No Marigolds in the Promised Land – Episode 22

No Marigolds in the Promised LandThis is the twenty-second episode of No Marigolds in the Promised Land, a serialized Compact Universe novella. To get the entire novella, go here for details.

Dedicated to Dave Harr and in memory of Andre Polk

(Author’s note: Barsoom will now be referred to as Farigha. Apologies to the Burroughs estate, but I left a nice shout out to Edgar in the completed [thus far] novella. In case you are wondering, Farigha is Arabic for “empty,” or as John Farno says in the retrofitted full novella, “the big empty.” Certainly, his current home in this tale fits that description.)

DAY 32 – EARTH

13-Mandela, 429
0006 – L2 Station

Friese was beat. Germanicus offered her a place for a nap knowing her day would be long. Her day had begun on The Caliphate. The temporal differences between two planets connected by wormhole were bad enough. But when one added the subjective differences of local time, the radical differences between planetary longitudes, and simply the length of time she was up, and Friese found herself too exhausted to sleep. Too bad. It was the most comfortable bed she had ever slept in.

At least she could doze. And Germanicus fed her and Burke a large dinner. She had not seen either of them since dinner. It made Friese speculate whether the admiral enjoyed more intimate attentions from their wealthy host, or vice-versa.
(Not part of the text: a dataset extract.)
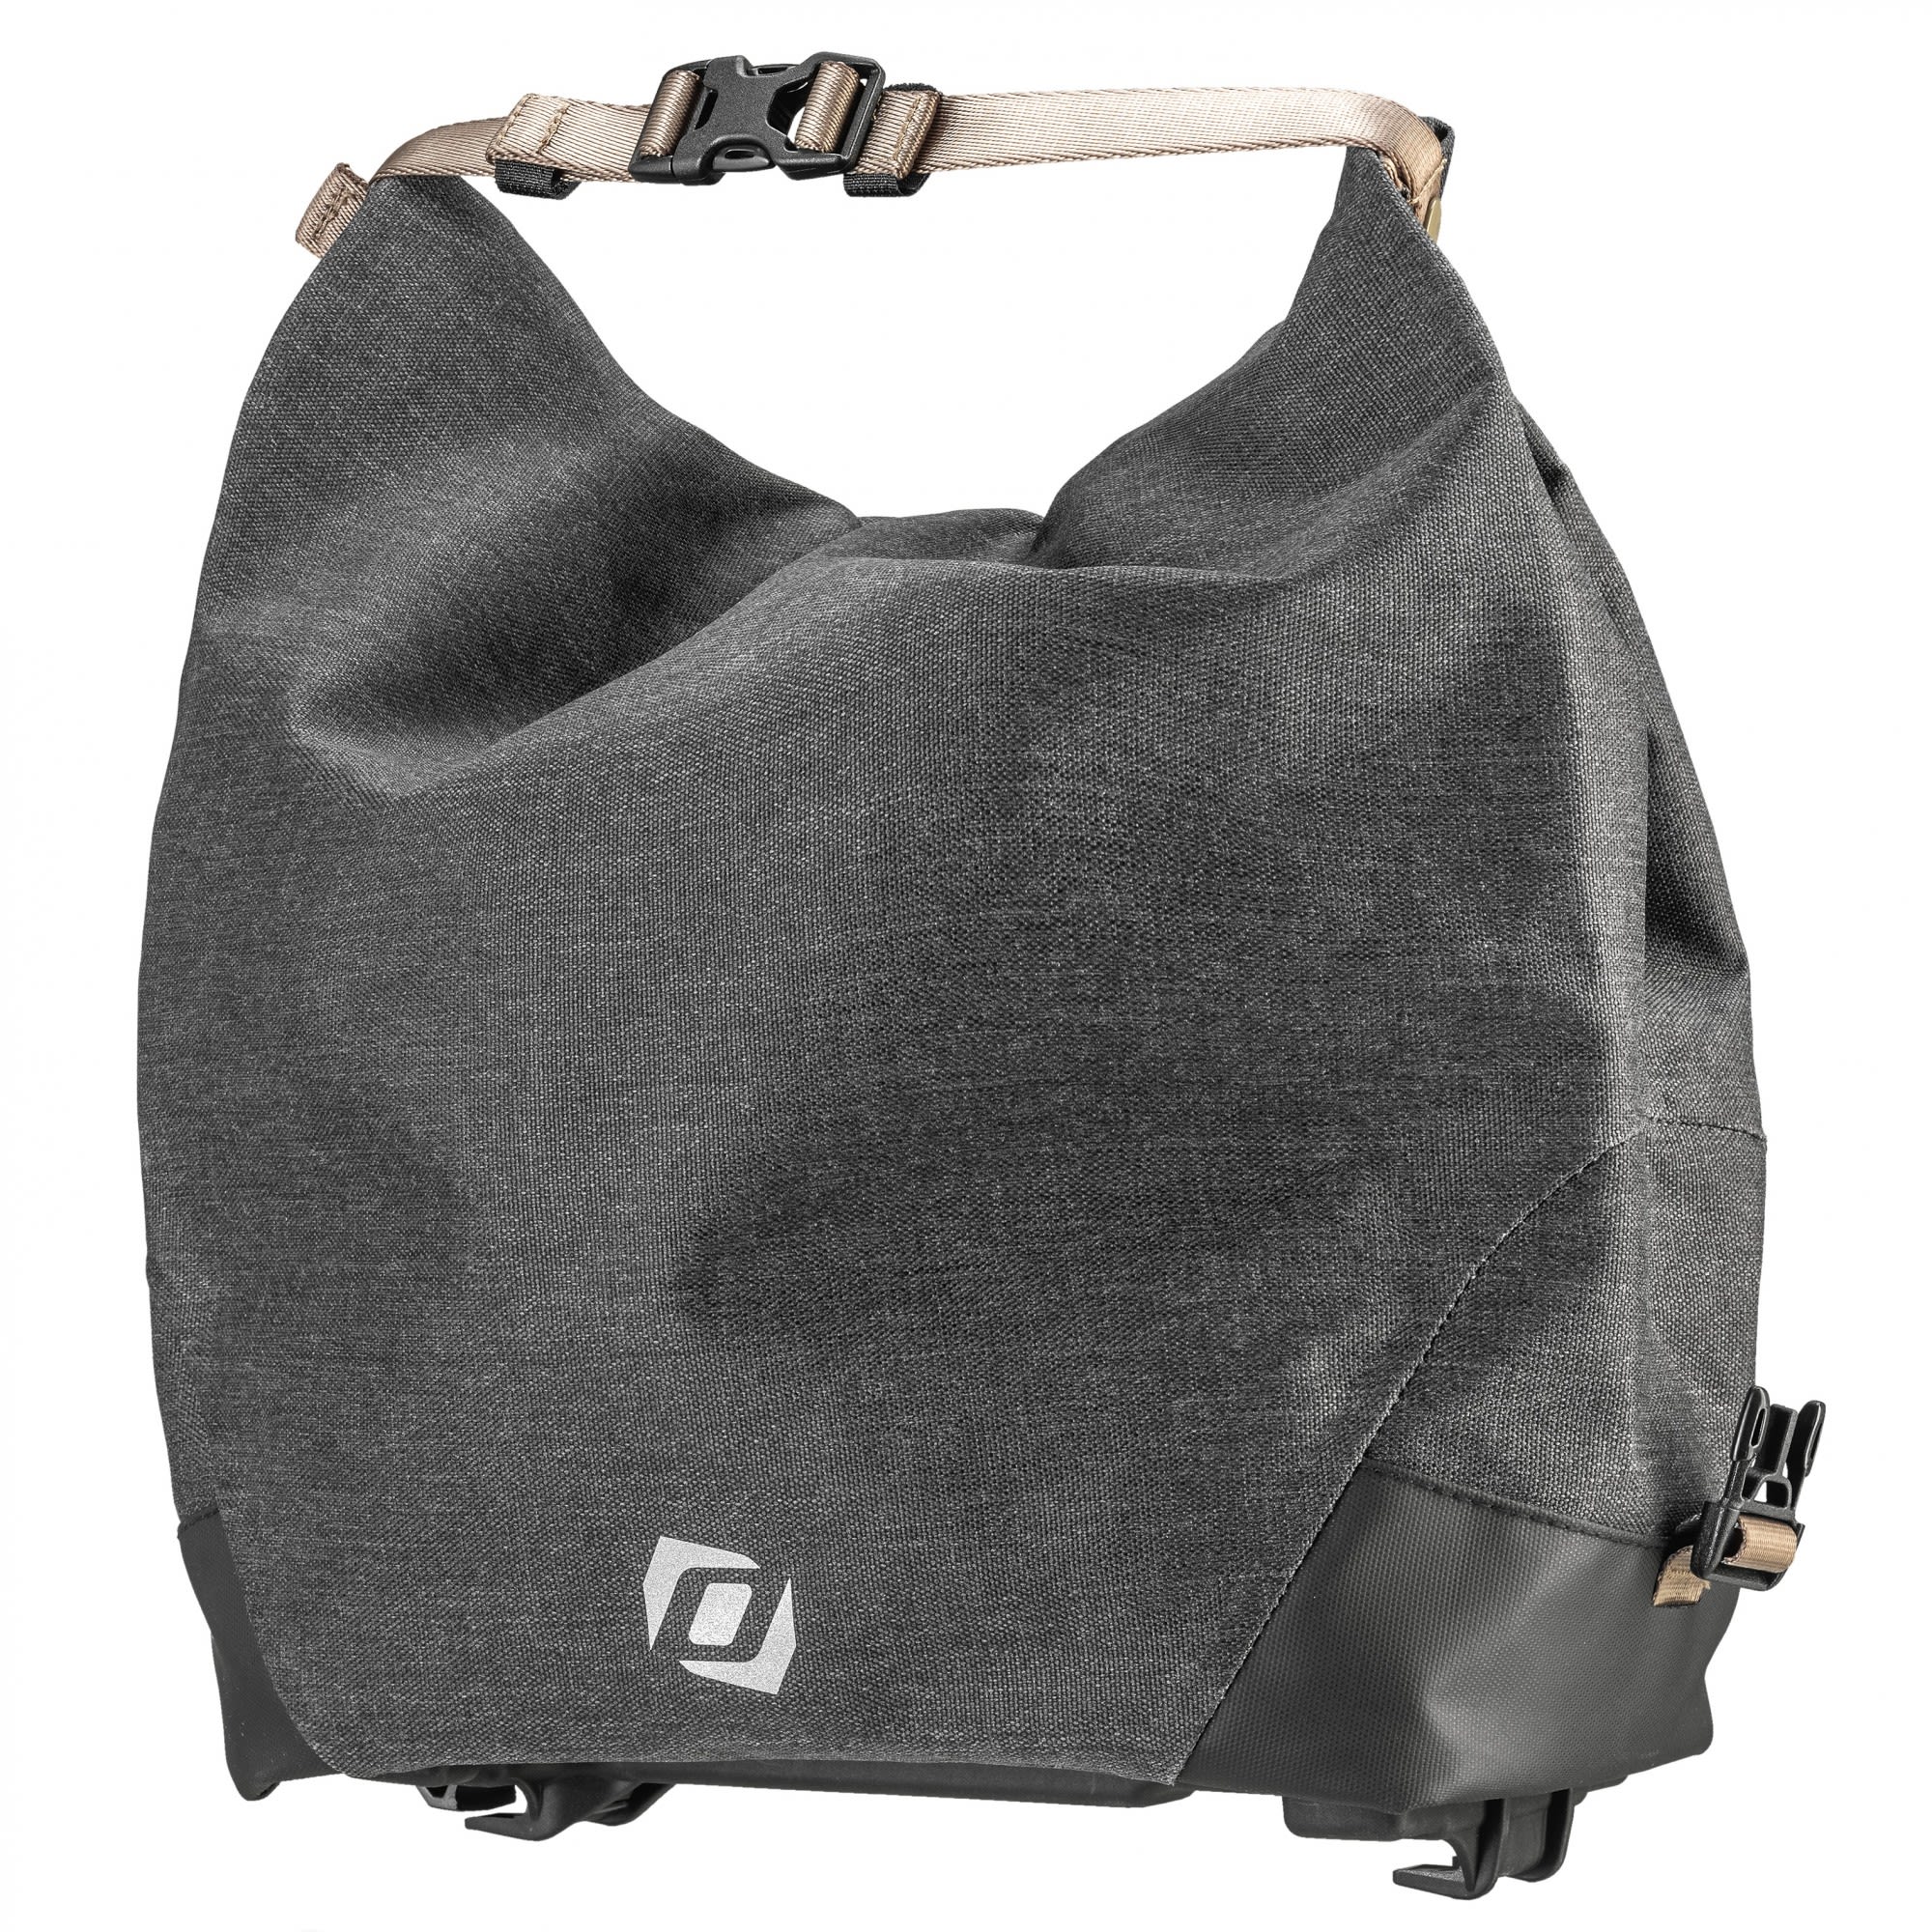 Syncros Gepcktrgertasche 2-0 Schwarz- Taschen- Grsse 20l - Farbe Black unter Syncros

She doubted it. Burke did not strike Friese as a woman impressed by wealth, and Germanicus came off as oddly asexual.

Earth’s L2 station looked nothing like the wheeled space stations Friese had seen elsewhere. It looked like a series of metal cans welded together with solar panel wings.

People actually live on that thing?

She found herself holding her breath, wondering if exhaling would cause the fragile object outside to fall apart. As it grew larger in the shuttle’s window, it appeared less fragile. The sight of people floating about inside, however, still made the station appear archaic.

“We’re going to hold relative orbit,” said the pilot, a dark-skinned man with a Thulian accent. He looked young, but given the average age on Thule was well over a hundred and fifty, he could have been two or three centuries old with no sign of rejuve.

How do they do that?

“Shuttle two-nine-two-nine-alpha,” said a voice over the speakers, “this is Alcubierre. Come about one-zero-three, mark four and prepare to dock. Over?”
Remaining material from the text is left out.